For the isolation of the EVs, perform size exclusion chromatography, or SEC, using a small column with a 10-milliliter bed volume for less than 100 milliliters of starting material and a larger column with a 47-milliliter bed volume for more than 100 milliliters of starting material. Over several hours before the experiment, bring the SEC column and PBS to room temperature, followed by stabilizing the column in a vertical position using a standard laboratory stand and holder. Before connecting to the SEC column, hydrate the sample reservoir by allowing five milliliters of PBS to flow through the frit into a waste container.
Then, unscrew the inlet cap of the column to add two milliliters of PBS to the sample reservoir and carefully connect the reservoir to the column as the PBS is dripping out through the frit. For equilibration of the column, add 47 milliliters of PBS to the sample reservoir, followed by uncapping the bottom of the SEC column. Then, allow all the loaded sample buffer to flow through the column and discard the flow-through.
After loading two milliliters of the sample onto the sample reservoir, allow the sample to enter the column completely and collect the flow-through. Immediately add PBS to the sample reservoir at a volume of 14.25 milliliters minus the sample volume to allow the solution to flow through the column, while discarding the amount equal to the column void volume. Next, position a two-milliliter low-binding microtube directly below the SEC column to collect the first flow-through or fraction one after allowing two milliliters of PBS to run through the column.
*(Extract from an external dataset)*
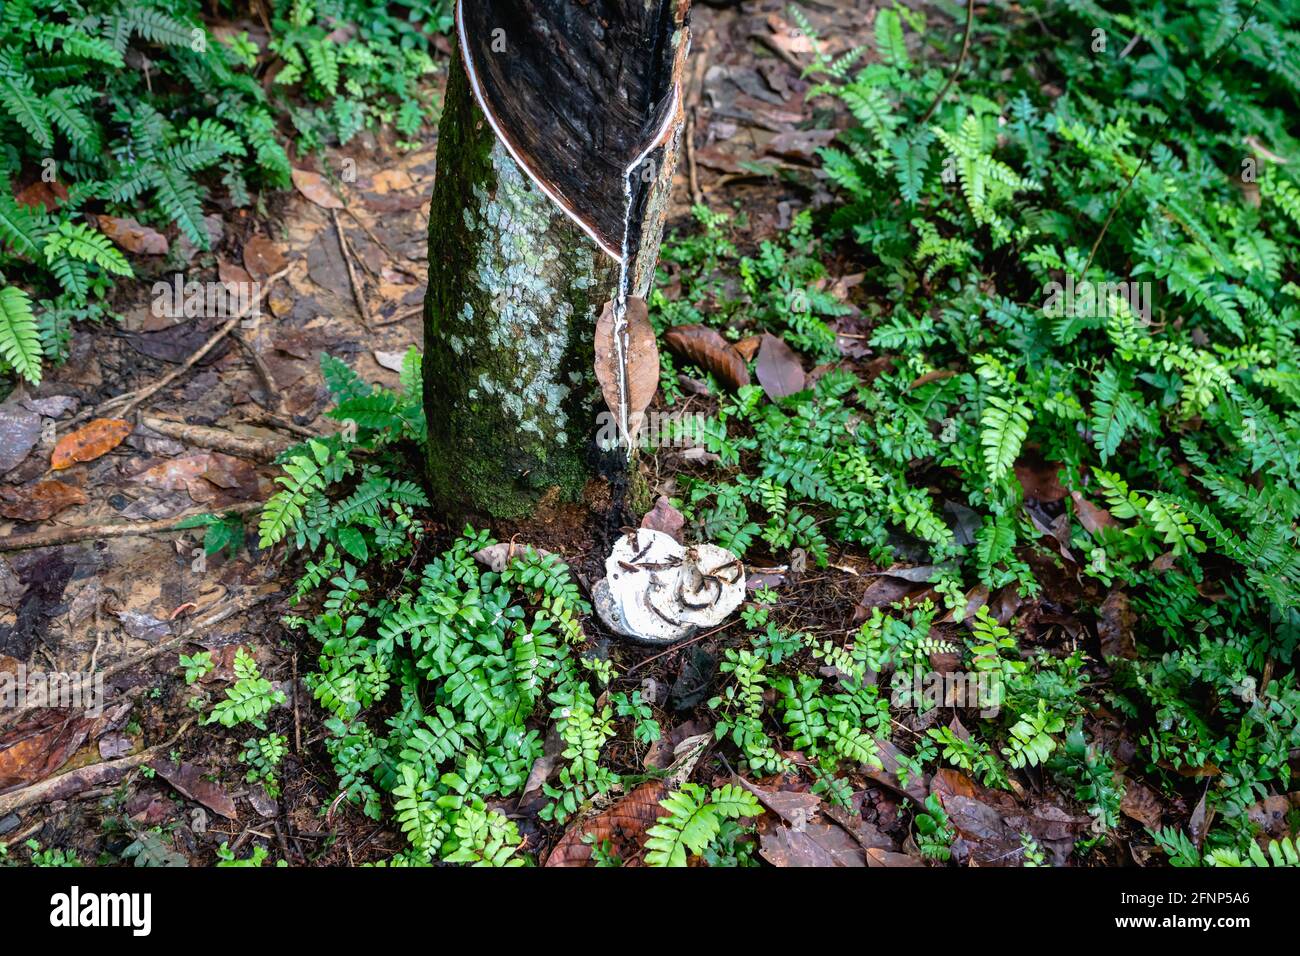 Piantagione di alberi di gomma, maschiatura di gomma da pianta di albero di gomma para (Hevea brasiliensis) nella foresta pluviale in Indonesia. Estratto di materia prima di lattice naturale Foto Stock

Continue to add two milliliters of PBS to the sample reservoir to collect each subsequent fraction. Store the collected fractions at four degrees Celsius for short term storage or minus 80 degrees Celsius for long term storage. For sterility testing of the collected fractions of EVs, inoculate three milliliters of the culture medium with 100 microliters of the fractions to be used in assays.
Then, culture the medium under optimal conditions while observing turbidity for at least three days. Alternatively, the fraction samples can be applied to agar plates containing the medium used to grow the producing bacteria, then check for colony formation. Next, store the EVs by transferring 25 to 50%of the individual or pooled fractions to low-protein binding tubes at minus 80 degrees Celsius to avoid freeze-thaw cycles.
The representative analysis shows the elution of Escherichia coli MP1 EVs in the early chromatography fractions. The fractions one to six contained the most EVs, with an average diameter lower than 100 nanometers. At the same time, the subsequent fractions contained EV-free proteins and very few EVs.
The EV enrichment and size were confirmed by transmission electron microscopy, particularly in fractions two to six. It was observed that EV-enriched fractions two to seven had high nanoluciferase activity, but only a very low fluorescent signal from non-EV-associated mCherry compared to that of the later fractions. The immunogold labeling confirmed the EV association of nanoluciferase in fractions two to five.
The applicability of the protocol to the other bacterial species was assessed by isolating EVs from the cultures of diverse anaerobic bacteria. It was observed that the early chromatography fractions one to four were enriched for EVs, with a diameter size lower than 100 nanometers. The complex brain-heart infusion, or BHI, contained the EV-sized particles at less than 25%of the total EV yield.
It is important to use TFF devices capable of handling the starting volume of the bacterial cell culture. This technique allows us to generate enough EVs to ask biological questions on their function in complex animal models.